Soresi M, Tripi S, Franco V, Giannitrapani L, Alessandri A, Rappa F, Vuturo O, Montalto G
Cattedra di Medicina Interna e Cattedra di Medicina d'Urgenza, Dipartimento di Medicina, Clinica e delle Patologie Emergenti, Università di Palermo, Cattedra di Anatomia Patologia, Palermo, Italy.
Liver Int. 2006 Nov;26(9):1119-25. doi: 10.1111/j.1478-3231.2006.01347.x.
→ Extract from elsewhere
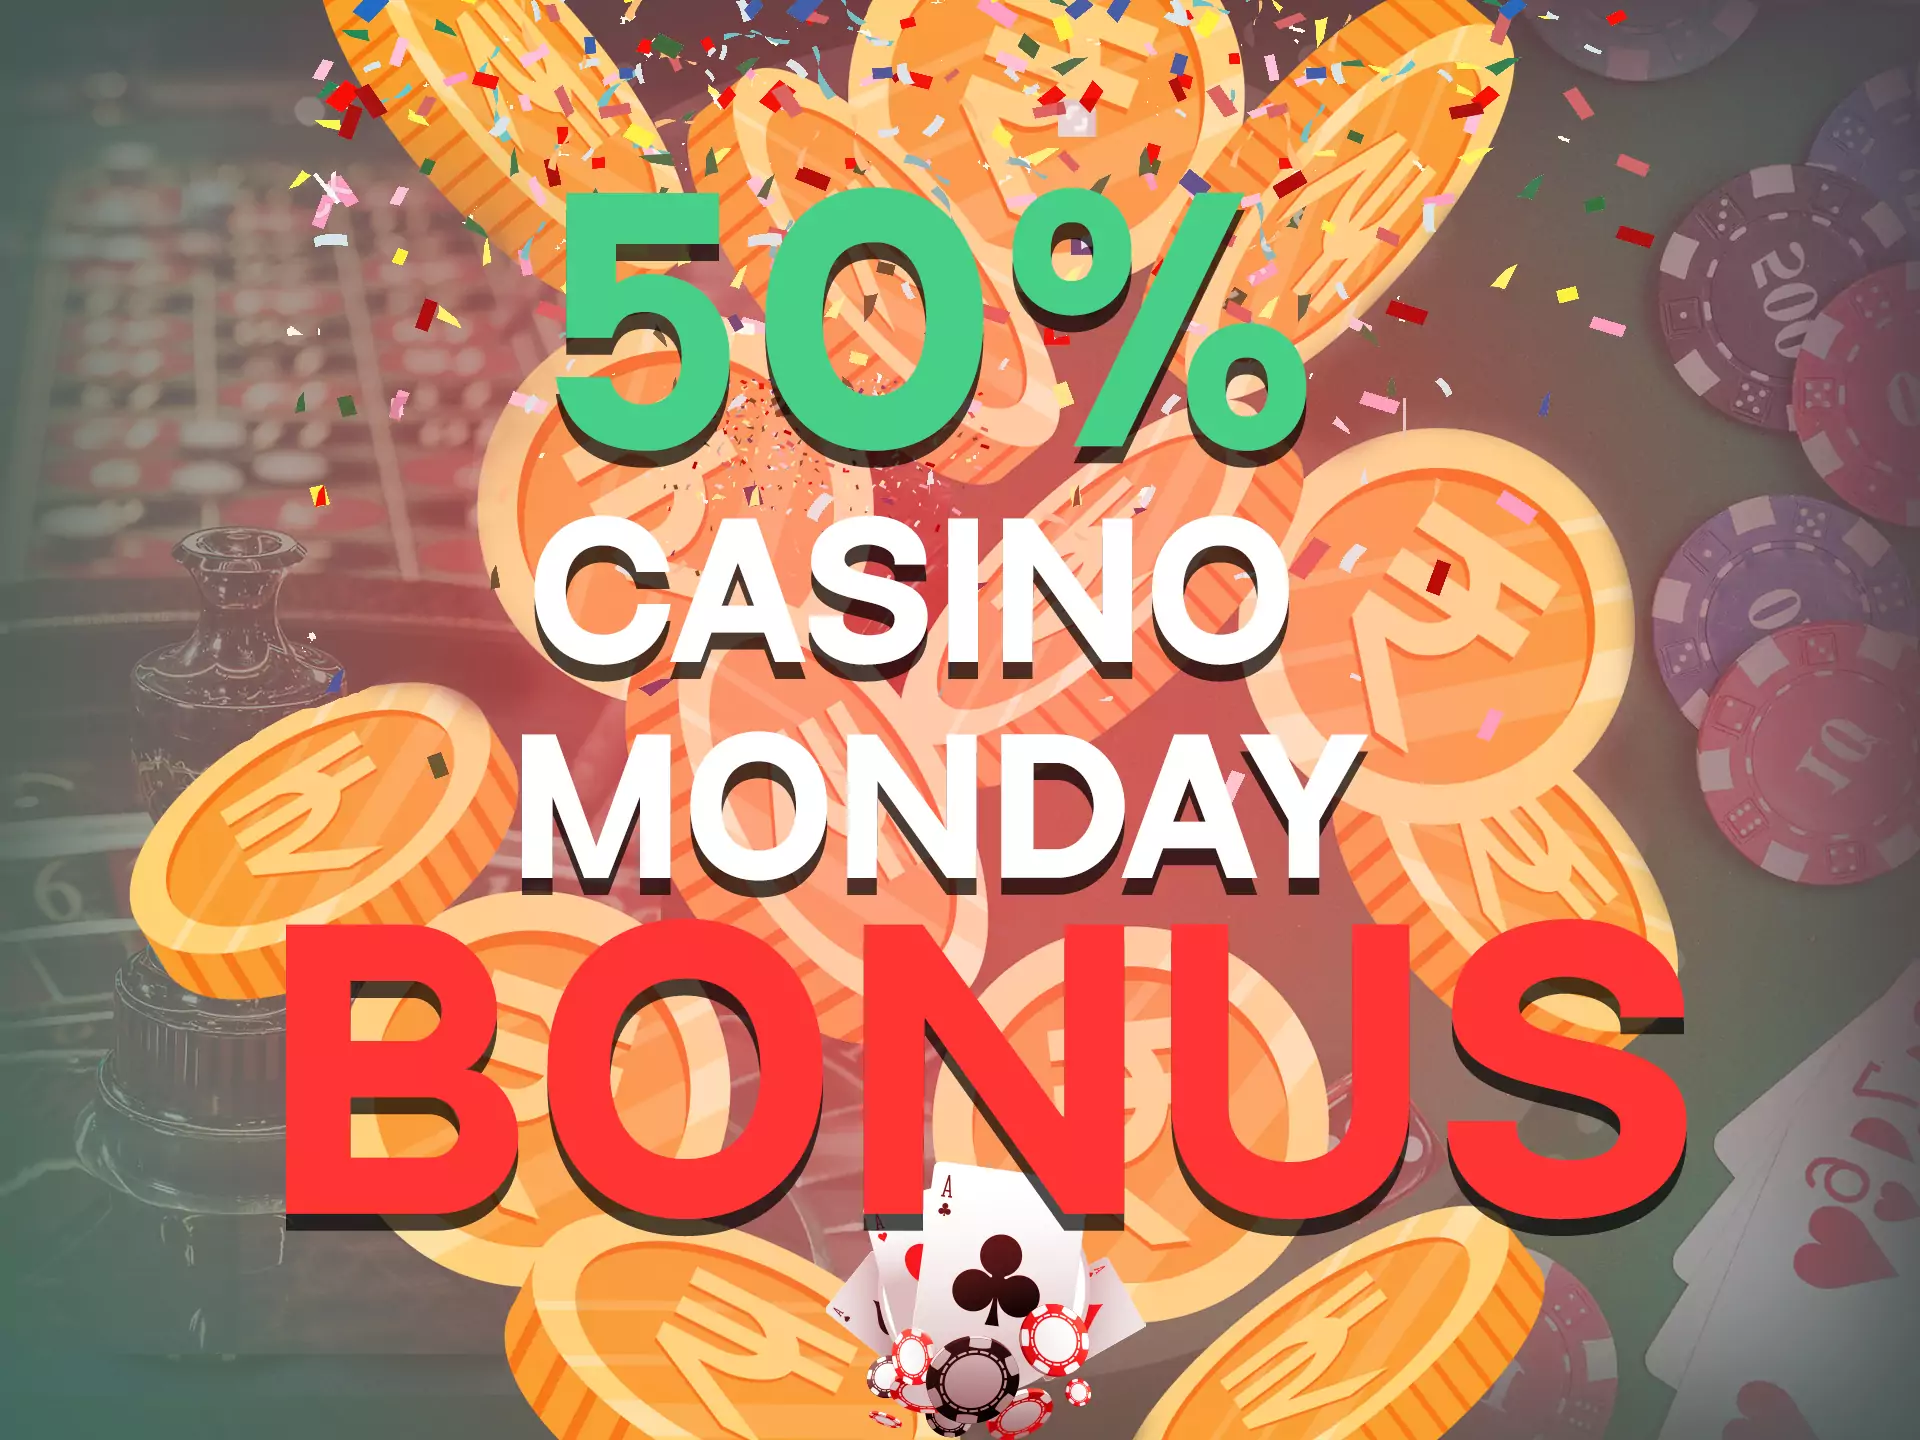 On Mondays, you can claim an additional bonus on casino games.

BACKGROUND/AIM: Liver steatosis (LS) has been variably associated with chronic hepatitis C (CHC) but whether it affects sustained virological response to antiviral treatment and by what mechanisms is a question still under debate, at least for some genotypes. The aim of this work was to assess the frequency of LS, its relationship with host and viral factors and to what extent it can influence the response to antiviral combination therapy with pegylated interferon (INF)+ribavirin in a group of patients with CHC from a single center.
One hundred and twelve patients with histologically proven CHC were treated with Peg INF-alpha 2a 180 microg a week subcutaneously for 48 weeks plus ribavirin 1000 or 1200 mg/day, according to the patient's body weight. Steatosis was graded according to Brunt et al.
Forty-six out of 112 patients (41.1%) were sustained virological responders (SVR). Seventy-two out of 112 (64.3%) presented with LS at histology; in this group, there were 24 patients (33.3%) with SVR compared with 22 (55%) of the non-steatosis group (chi(2)=6.5, P<0.02). Variables associated with the steatosis group were: higher serum levels of AST (P<0.04), alanine aminotransferase (P<0.02), gamma-GT (P<0.004), genotype 3a (P<0.03) and severity of histology (staging P<0.05) but at multiple linear regression analysis only genotype 3a and staging were significantly associated with LS. In the SVR group, age and body mass index (BMI) were significantly lower (P<0001 and P<0.03, respectively) compared with non-responders; moreover, genotype 1 was more frequent in the NR group, while genotype 3 was more frequent in the SVR group. At histology, grading and staging were also lower in the SVR group. Multiple logistic regression showed that only the grade of steatosis and genotype 3a were the variables independently associated with SVR.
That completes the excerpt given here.